🤖 AI Summary
Current LLM evaluation heavily relies on human annotations and closed benchmarks, lacking scalable, unsupervised paradigms. Method: We propose the first peer-review–based unsupervised automatic evaluation framework: open- and closed-source models jointly answer questions anonymously without ground-truth labels and reciprocally score each other’s responses; model capability parameters are jointly optimized via consistency regularization to induce a capability hierarchy. Contribution/Results: We introduce three novel metrics—Peer Evaluation Normalization (PEN), Consistency Index (CIN), and Label-Independent Sorting (LIS)—to quantify alignment between model rankings and human judgments. We further incorporate multi-model response consistency regularization and learnable capability parameterization.
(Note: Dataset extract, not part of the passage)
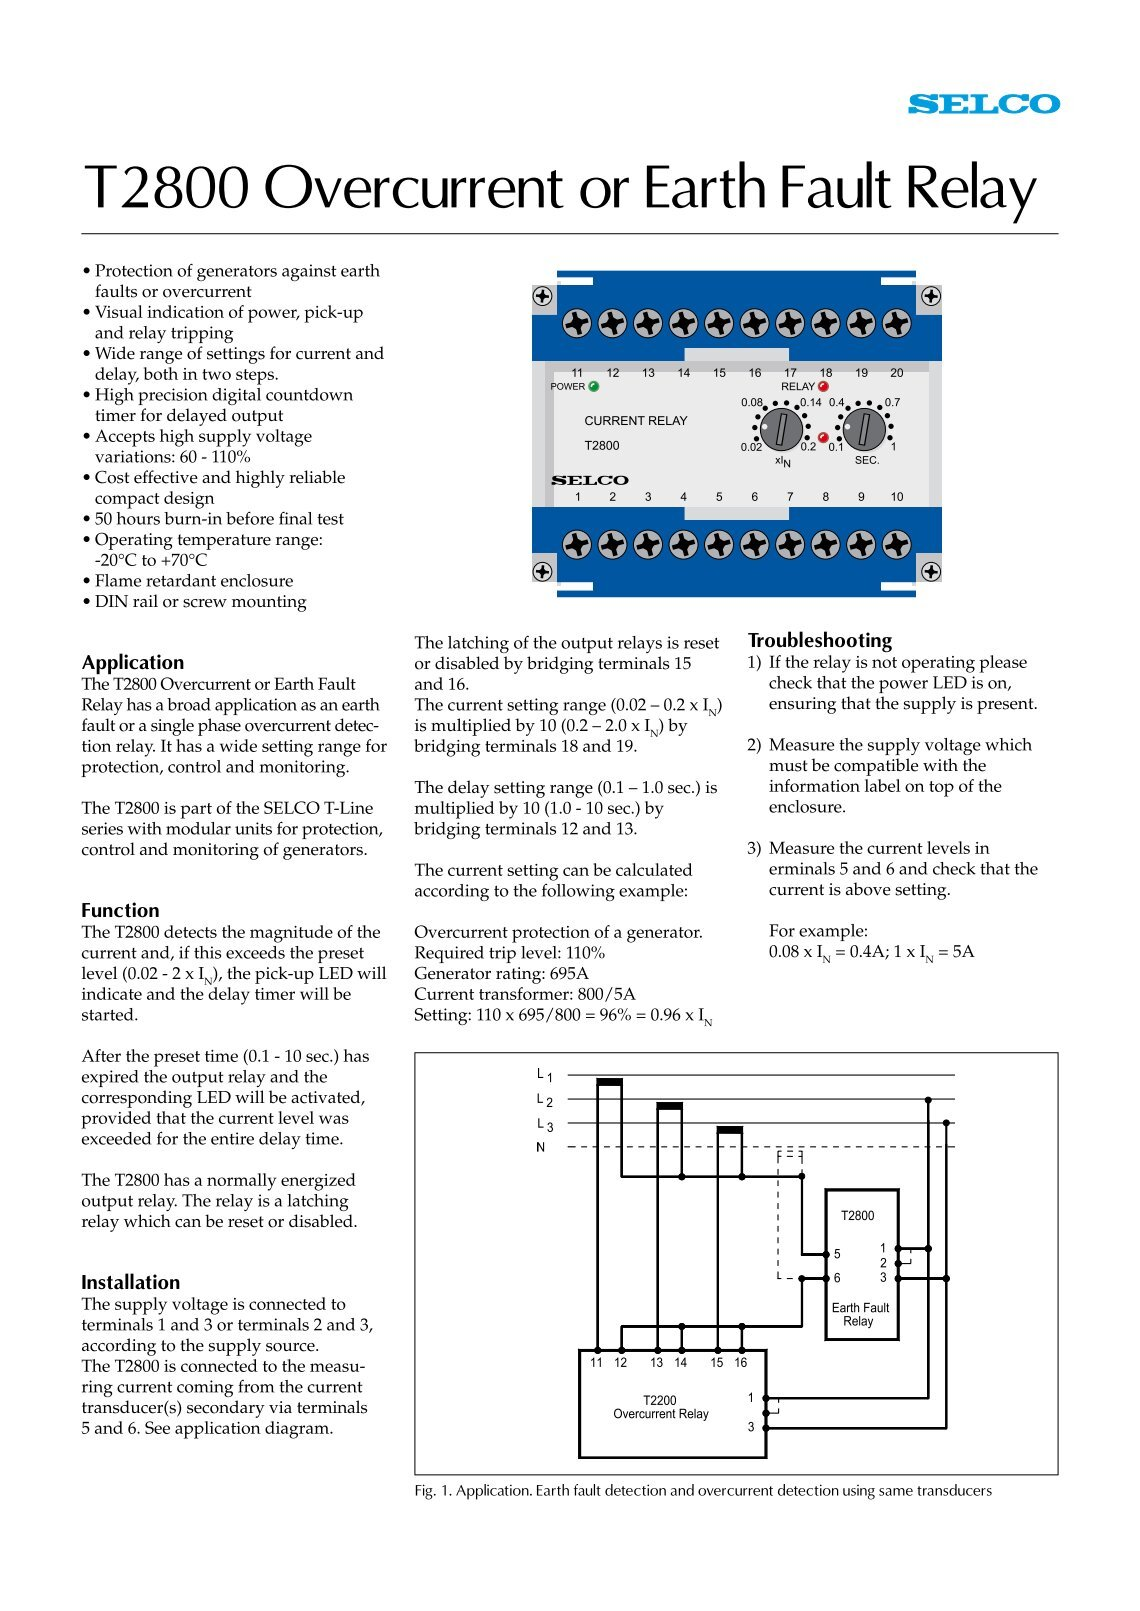 580k backhoe parts wiring diagram massey ferguson wiring schematic case 570lxt fuel system [ 1140 x 1613 Pixel ]

Extensive experiments across multiple datasets demonstrate that our method significantly outperforms baselines, with PEN, CIN, and LIS showing strong correlation with human evaluations—thereby overcoming key limitations of conventional LLM assessment.
📝 Abstract
Existing large language models (LLMs) evaluation methods typically focus on testing the performance on some closed-environment and domain-specific benchmarks with human annotations. In this paper, we explore a novel unsupervised evaluation direction, utilizing peer-review mechanisms to measure LLMs automatically. In this setting, both open-source and closed-source LLMs lie in the same environment, capable of answering unlabeled questions and evaluating each other, where each LLM's response score is jointly determined by other anonymous ones. To obtain the ability hierarchy among these models, we assign each LLM a learnable capability parameter to adjust the final ranking. We formalize it as a constrained optimization problem, intending to maximize the consistency of each LLM's capabilities and scores. The key assumption behind is that high-level LLM can evaluate others' answers more accurately than low-level ones, while higher-level LLM can also achieve higher response scores. Moreover, we propose three metrics called PEN, CIN, and LIS to evaluate the gap in aligning human rankings. We perform experiments on multiple datasets with these metrics, validating the effectiveness of the proposed approach.